Data extract:
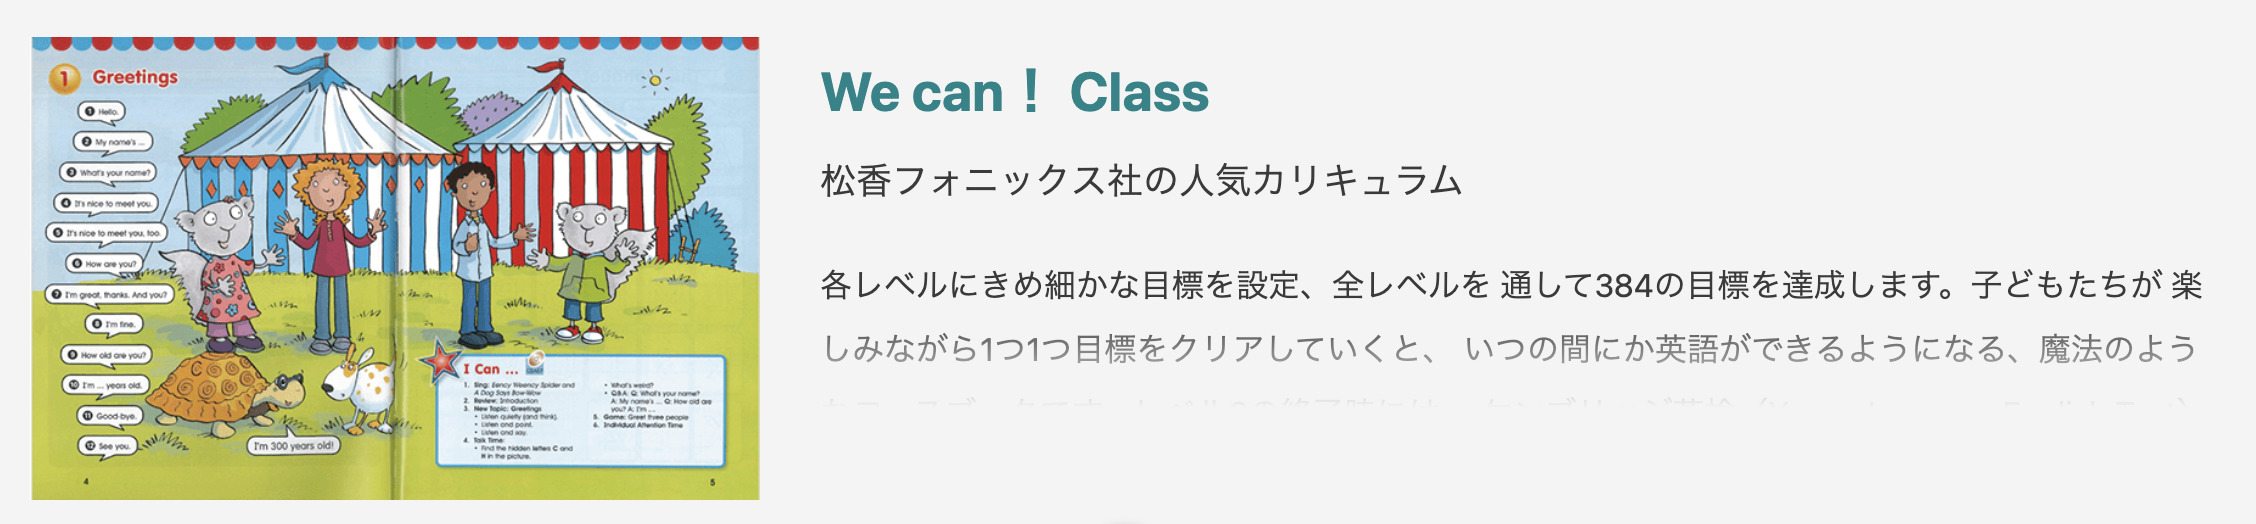 QQキッズ We can！ Class
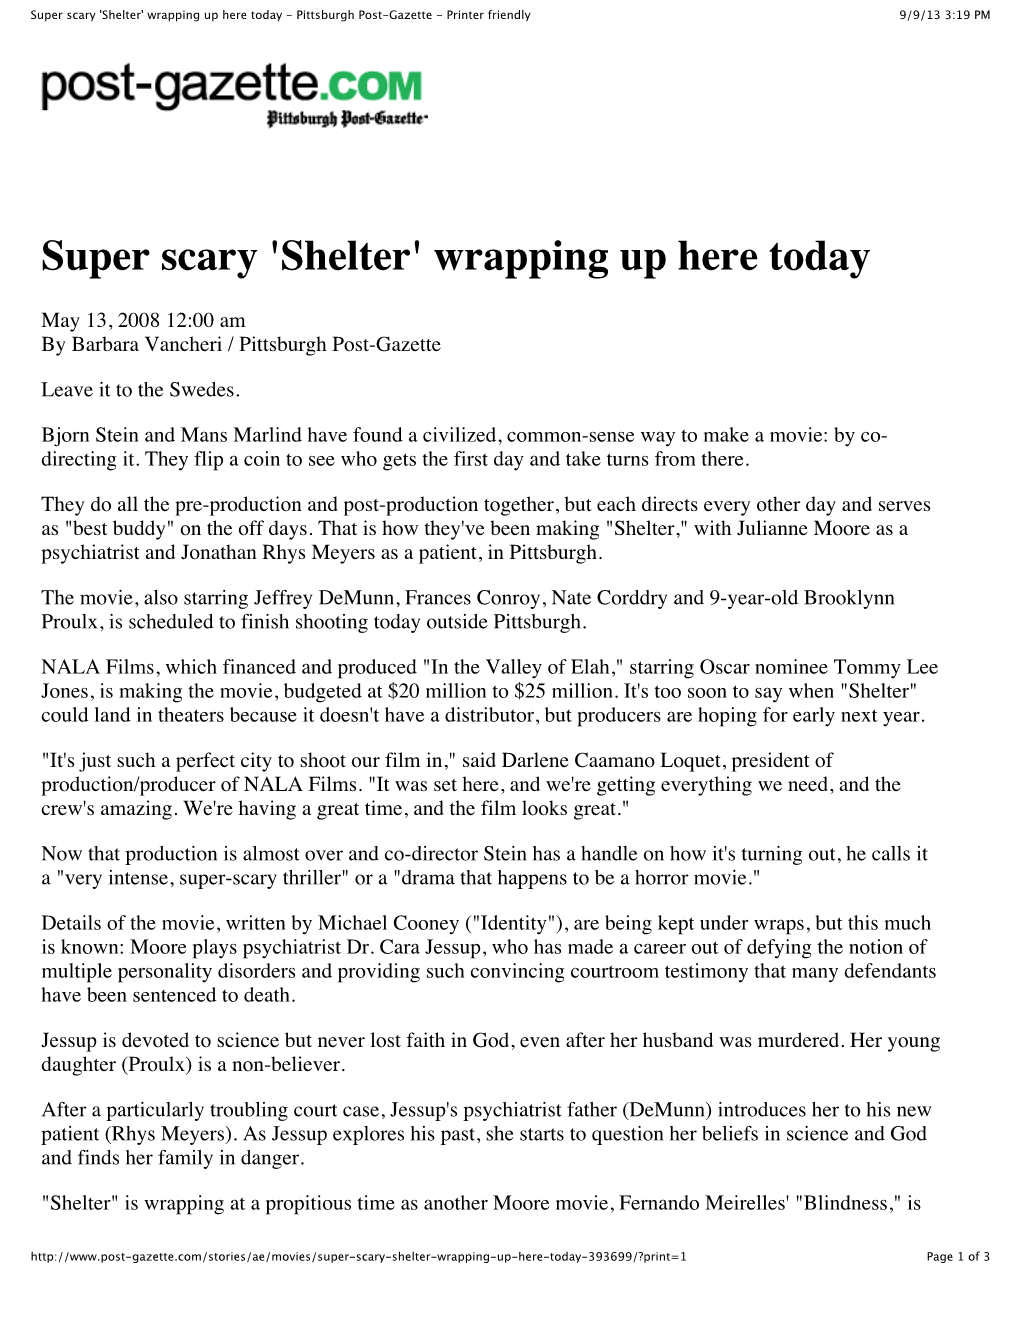 Super Scary 'Shelter' Wrapping up Here Today - Pittsburgh Post-Gazette - Printer Friendly 9/9/13 3:19 PM
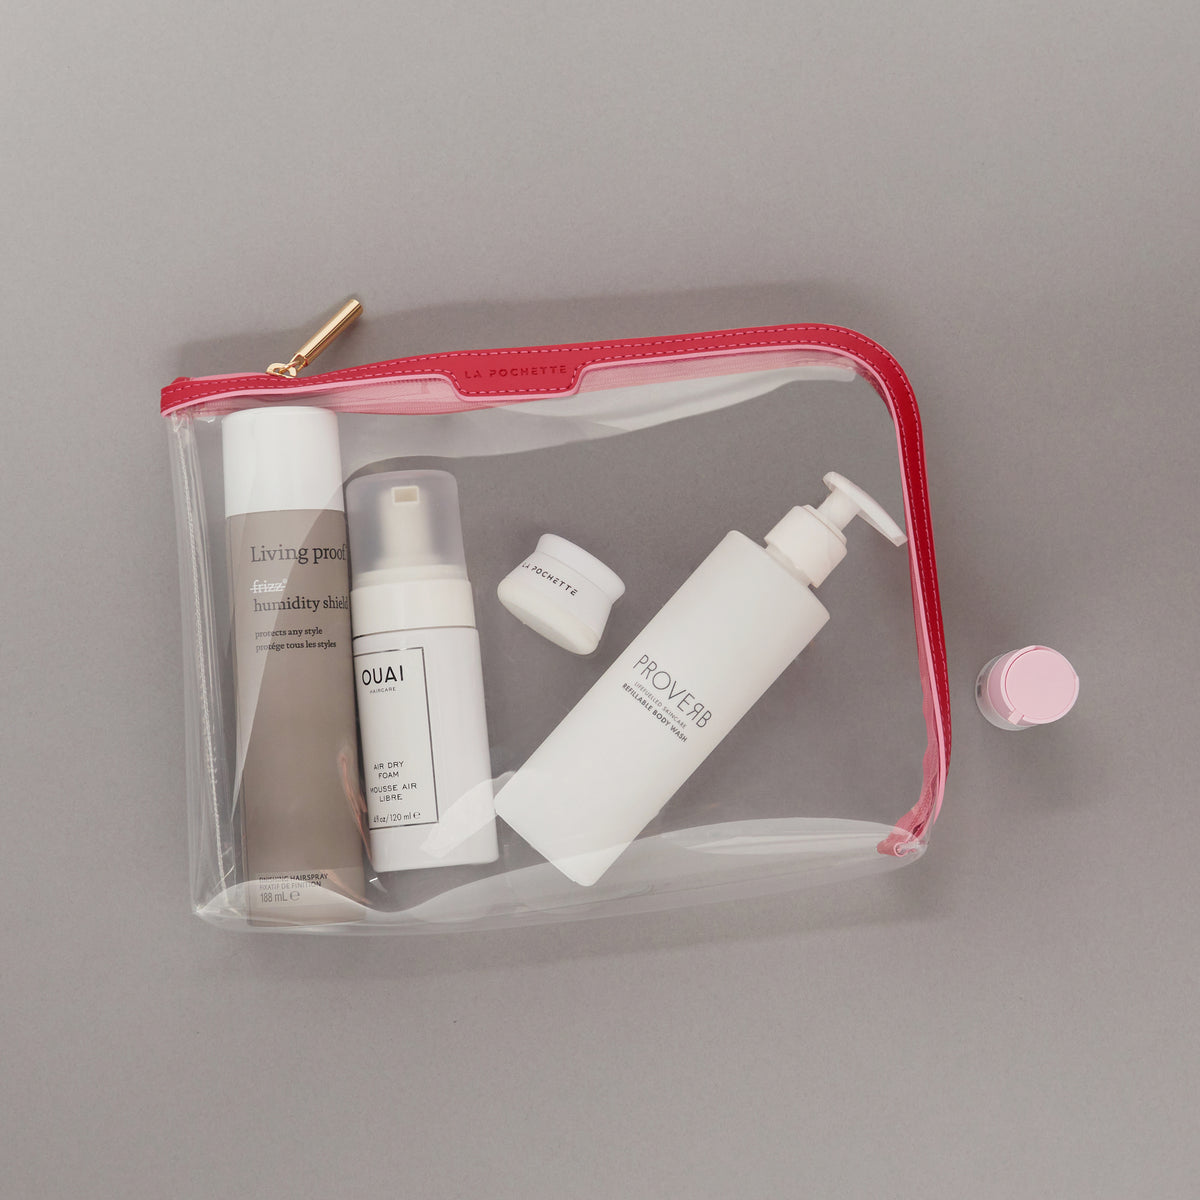 Large Anywhere Everywhere Pouch in Cashmere White colourway holding beauty products
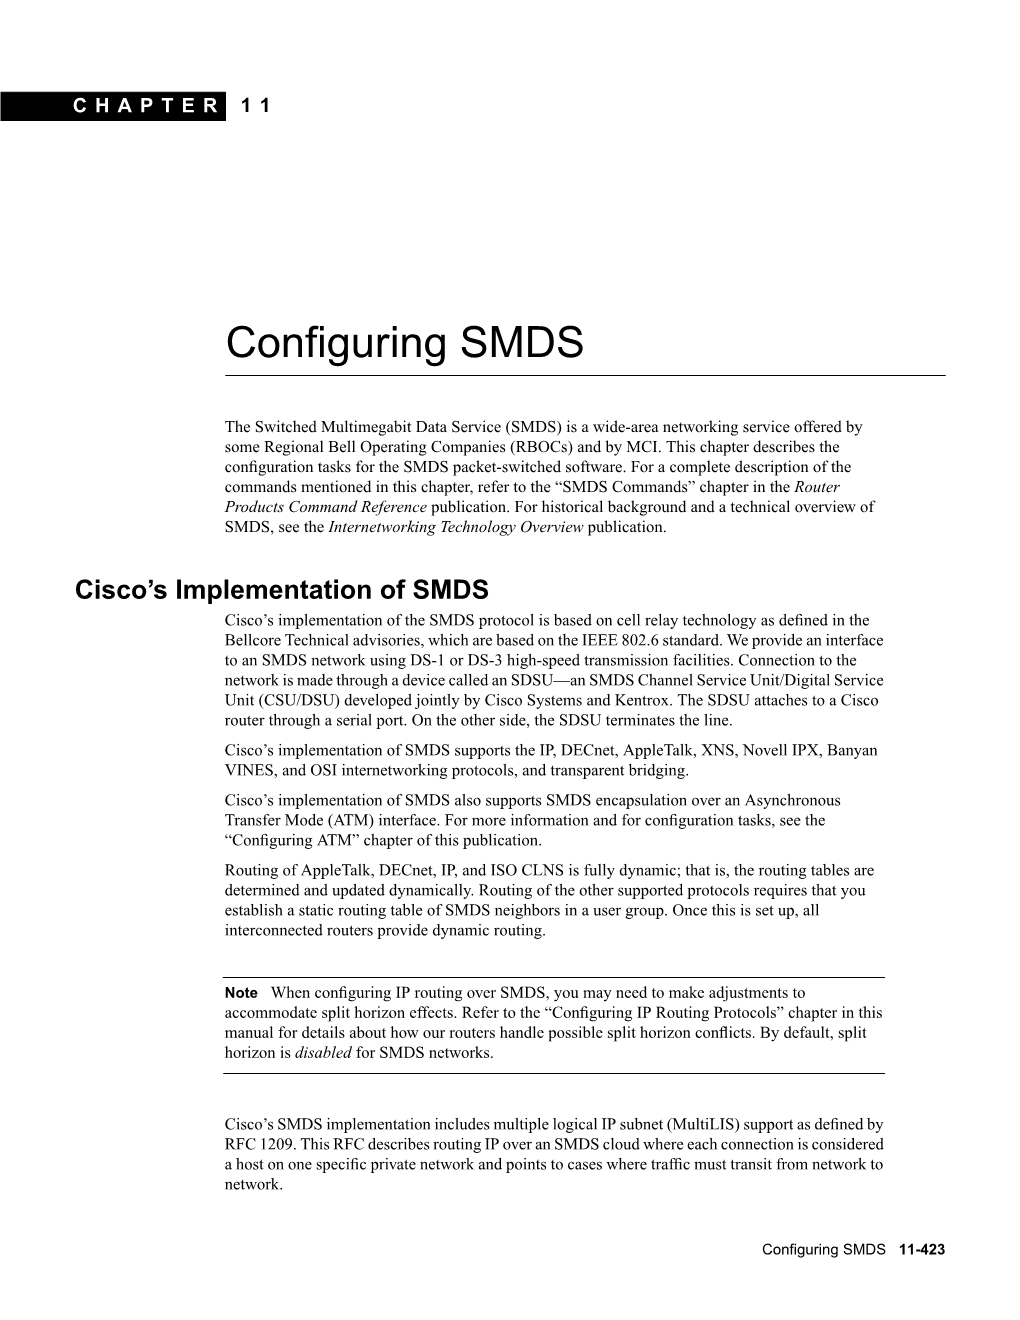 Configuring SMDS
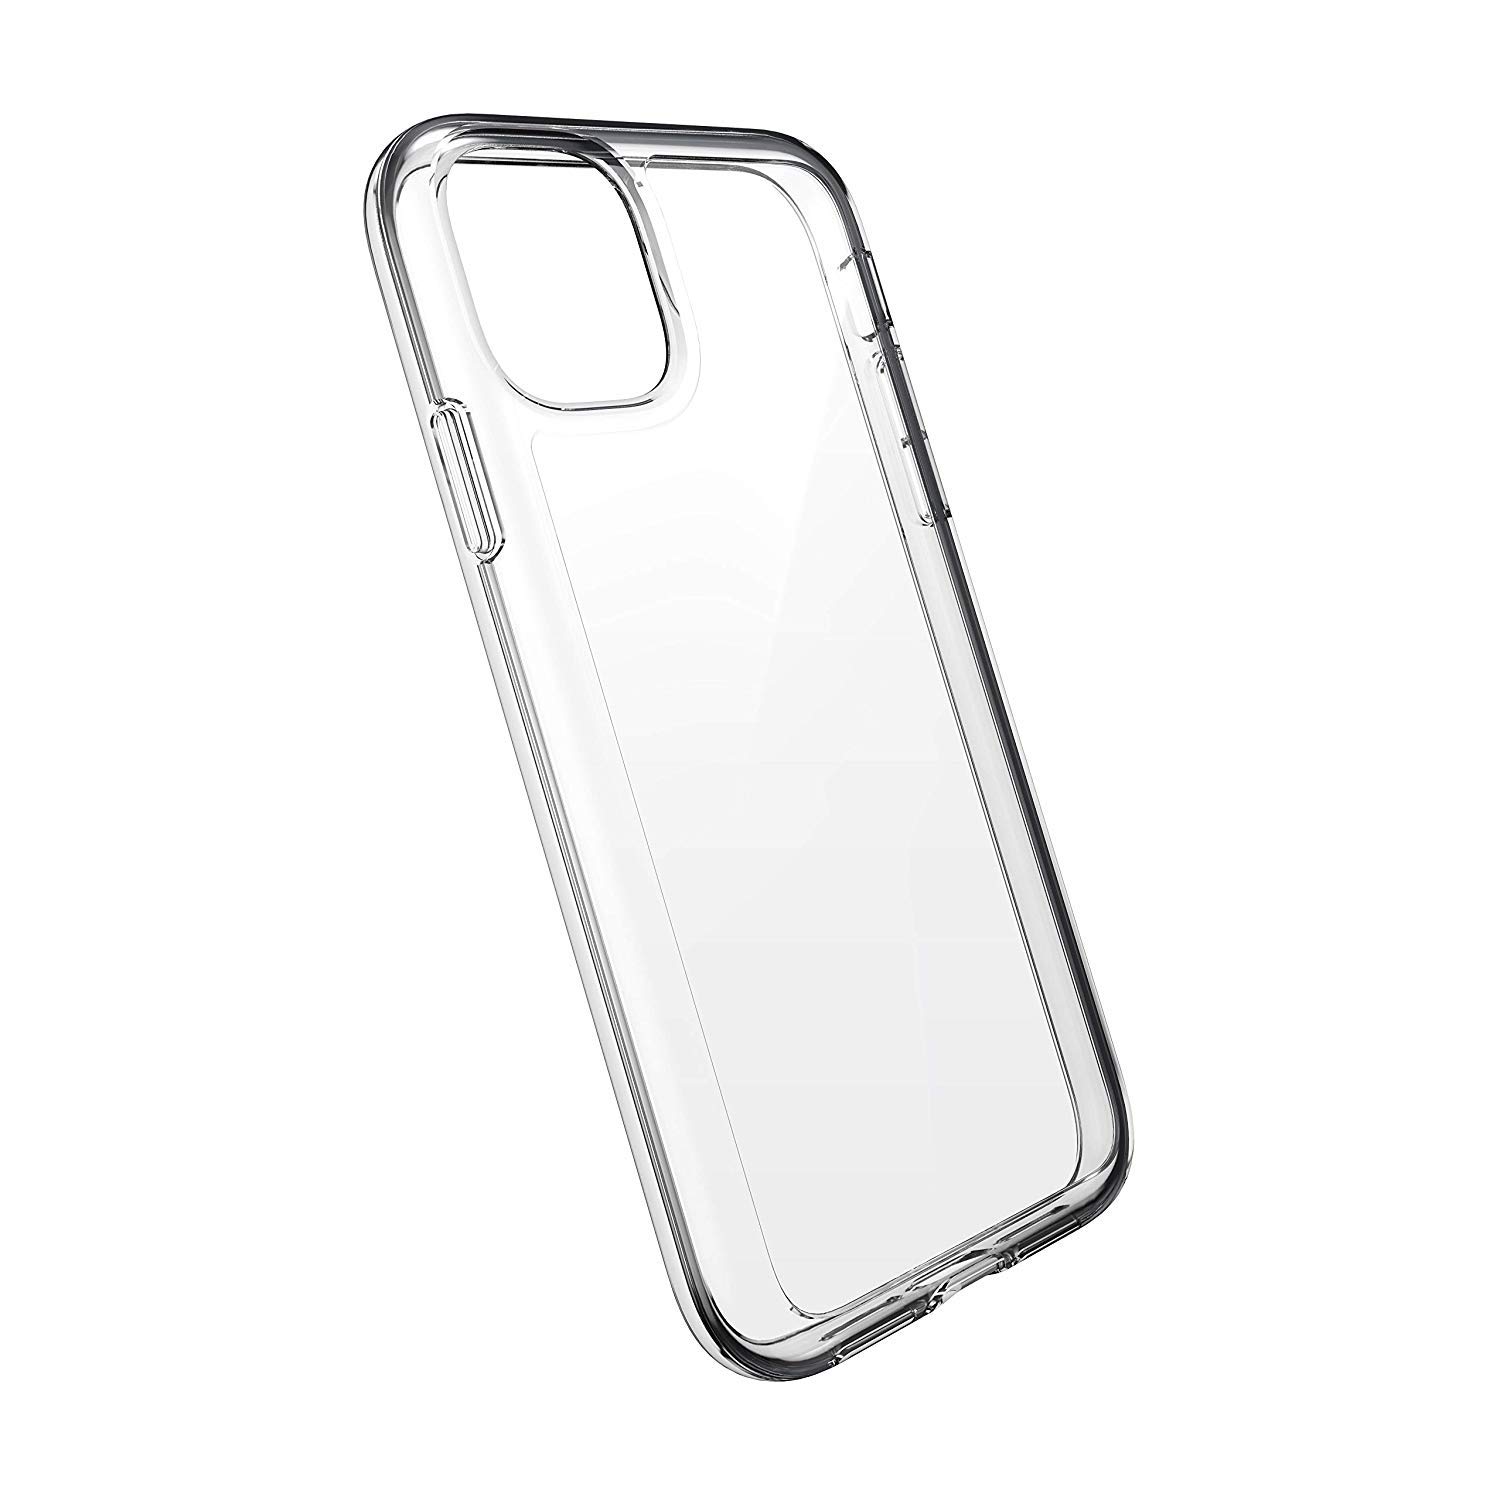 Speck's clear Gemshell case for the iPhone 11

Problem requirements: From the first line to the last, print the records exactly; leave out the pictures.

Response below:
 QQキッズ We can！ Class
 Super Scary 'Shelter' Wrapping up Here Today - Pittsburgh Post-Gazette - Printer Friendly 9/9/13 3:19 PM
 Large Anywhere Everywhere Pouch in Cashmere White colourway holding beauty products
 Configuring SMDS
 Speck's clear Gemshell case for the iPhone 11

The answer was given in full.